While Keenum may look like a stopgap quarterback, it's likely that he'll spend at least part of the season as the starter. Washington has the 15th pick in the NFL Draft, which all but guarantees that they'll miss out on Dwayne Haskins -- barring a trade up. And while the Josh Rosen-to-Washington rumors are hot and heavy right now, it's no guarantee Rosen starts all year even if that trade happens since Rosen is coming off a historically terrible rookie campaign.
In six games without Smith last year, Washington had a miserable offense, averaging 19.7 points per game, which would have ranked 27th for the entire season. Their 210 passing yards per game would've ranked 24th. Even before Smith's injury, Washington's offense was pretty bland. Is the signing of Keenum enough to make this offense respectable, or is this a situation we're going to want to avoid in 2019?
Is Keenum Any Better?
Smith and Keenum generated similar efficiency marks in 2018. Using our in-house Net Expected Points (NEP) metric, Keenum averaged 0.04 Passing NEP per drop back, compared to Smith's clip of 0.02. The league average was 0.11, putting both well off the pace.
Both Smith and Keenum had much better years in 2017. Smith was coming off a campaign in Kansas City in which he excelled, posting a Passing NEP per drop back of 0.20, which ranked seventh among passers with at least 500 drop backs that season. Keenum was surrounded by talent in Minnesota Vikings in 17, recording a Passing NEP per drop back of 0.19, slotting in one spot behind Smith.
These two have shown that they can thrive in the right environment.
Unfortunately, Washington didn't prove to be that kind of place for Smith, and it's not likely to be much different for Keenum.
Washington's Pass-Game Options
Amazingly, Washington didn't have a single wideout finish in the top 50 at the position in PPR fantasy points in 2018. That's hard to do.
And because Keenum isn't much of an upgrade over Smith, it's tough to place any faith in their fantasy outputs going forward. Plus, Washington's receiver depth chart took a hit this offseason with Jamison
With depleted pass-game options, targets may be concentrated more heavily to a few players in 2019, but in Jay Gruden's tenure as Washington's coach, they have not had a single wide receiver register a target share of even 20%, though that could be a result of the team lacking a true stud wideout in Gruden's time.
In 2015, Reed played 14 games and had a 24% target share in those games, the closest thing to a dominant playmaker Washington has had in recent years. He also led the squad with 558 receiving yards on a team-high 84 targets last season.

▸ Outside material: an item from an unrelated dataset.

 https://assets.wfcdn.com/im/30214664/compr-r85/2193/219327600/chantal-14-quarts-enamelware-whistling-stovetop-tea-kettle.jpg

While more of the same from under center may not inspire any hope in Washington's receivers, Reed's sporadic success in 2018 -- which was a fairly healthy year for him -- coupled with the lack of many good options at tight end make him the pass-game asset most likely to be useable in fantasy from this offense.
The Ground Game
With Washington's passing game set up for mediocrity, could the backfield can offer some fantasy value? Even that is tough to count on.
Gruden's offenses in Washington peaked with the 19th-most plays per game in 2015 and have been at 20th or worse in every other year. They were also the 11th most run-heavy team in their first season without Kirk
Washington wants to limit turnovers on offense and play good defense -- which could lead to a very run-heavy approach. Their offseason moves so far point in this direction. They dropped a ton of cash on Landon Collins, and they brought back Adrian Peterson despite the expectation that Derrius Guice should be back after last season's torn ACL.

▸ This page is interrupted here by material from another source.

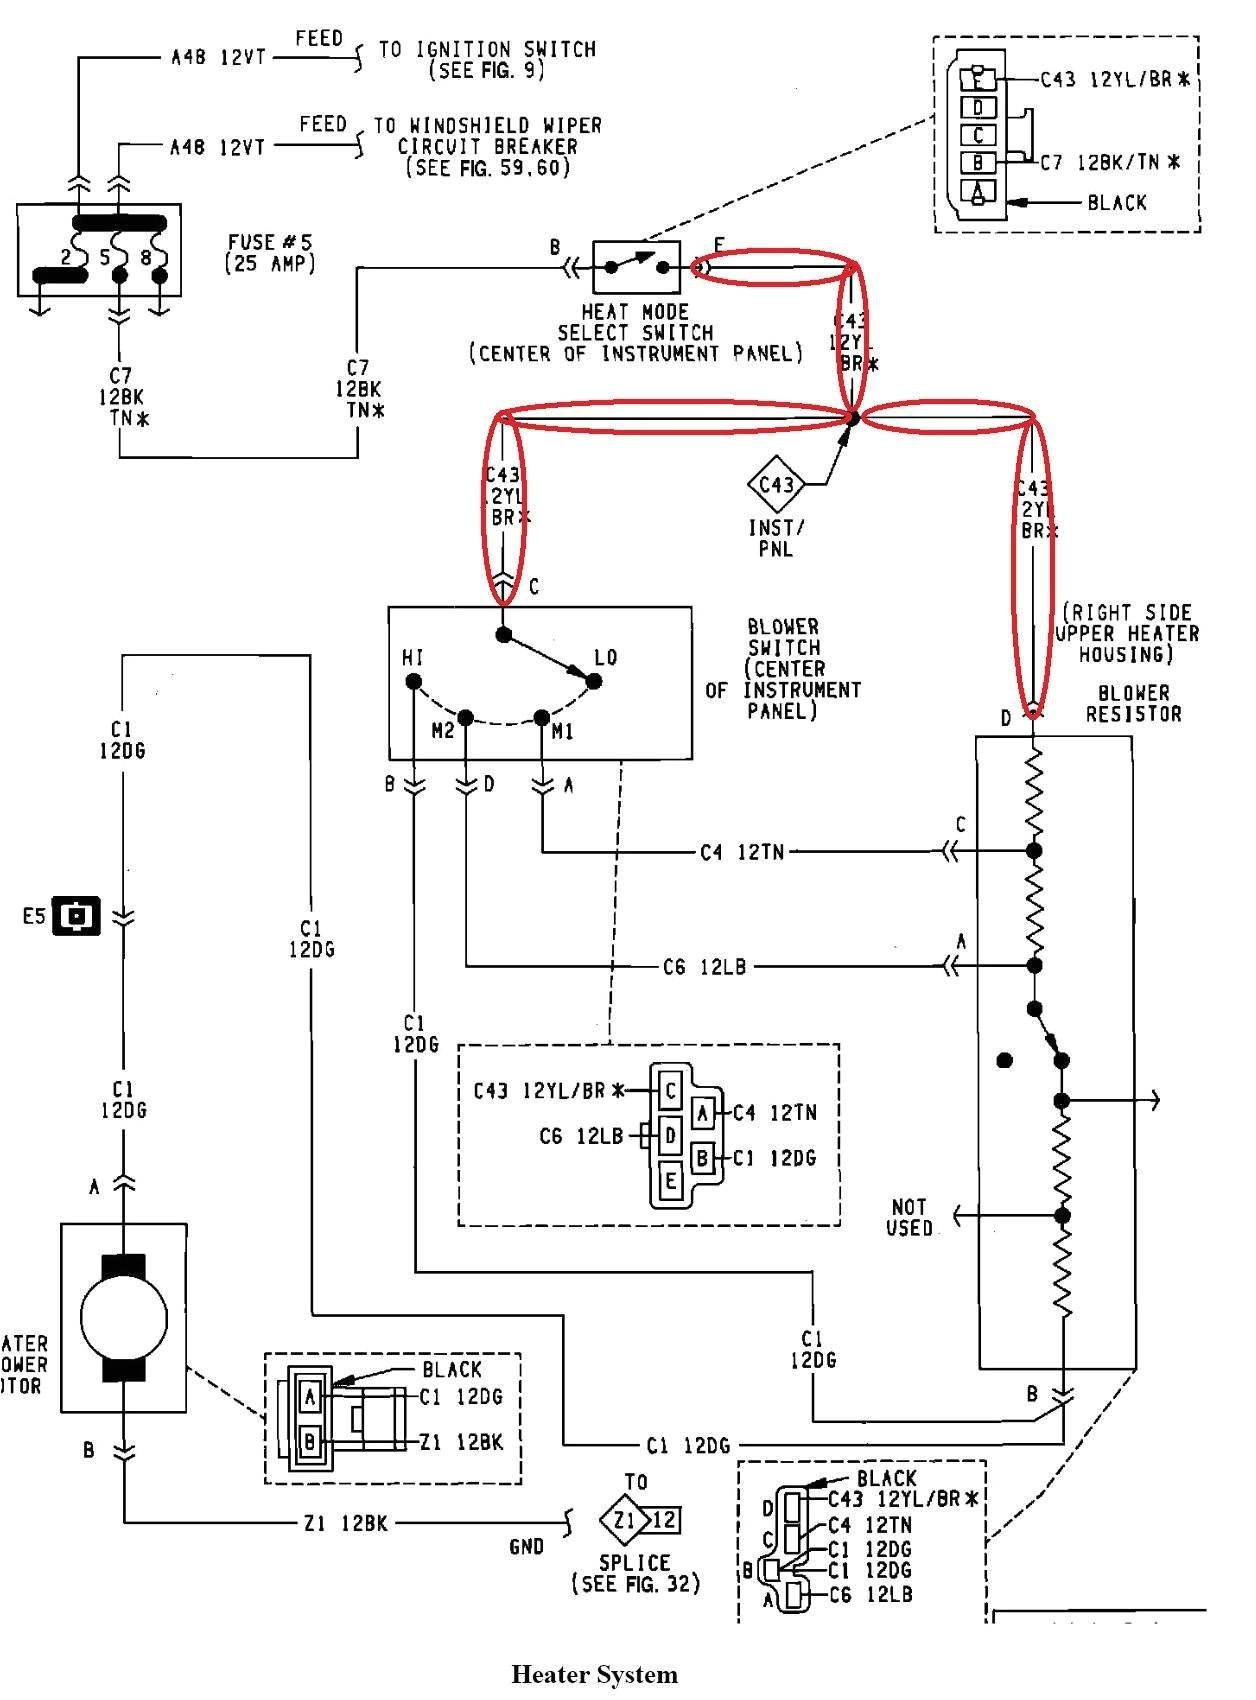 36 volt golf wiring book diagram schema 36 volt golf cart motor wiring diagram 36 volt golf wiring

That could make Washington's running backs appealing in fantasy, but the re-signing of Peterson muddies that up a bit.
Peterson, who offers very little in the passing game, was heavily reliant on game script last year, but he did finish as the PPR RB19. Thompson, who blew up in the early part of 2017 with Cousins, was the RB54, playing just 10 games and failing to do much after a good showing in Week 1.
Despite Peterson's 1,000-yard campaign, he's a 34-year-old back competing with Guice -- on whom the team invested a second-round pick -- for the top spot on the depth chart. It's a safe bet that Guice will operate as the team's top early-down back in 2019 as long as he's healthy, though Peterson could steal goal-line looks.
A slower, ground-based approach may allow Guice to make a splash in his first season of action in the NFL as long as he sees enough volume. But if he cedes passing-game work to Thompson, Guice will also be a pretty inconsistent fantasy producer.
Washington was an offense to -- for the most part -- avoid in fantasy football last season, especially after Smith went down. While their offense isn't likely to make a huge jump with Keenum at the helm -- and the same can be said if it's Rosen who ends up running the show -- Guice and Reed offer some appeal.
Any running back who sees good volume is a guy we need to have on our radar in fantasy, so if Guice is atop the depth chart, he'll be on the RB2 (top-24) map. And with tight end being what it is, Reed is at least worth monitoring as one of the few guys outside the elite options at the position who has shown big upside before in his career.
Still, this is likely to be one of the worst offenses in the league barring something crazy, so even Guice and Reed are shaping up as low-ceiling plays who may be tough to rely on each week.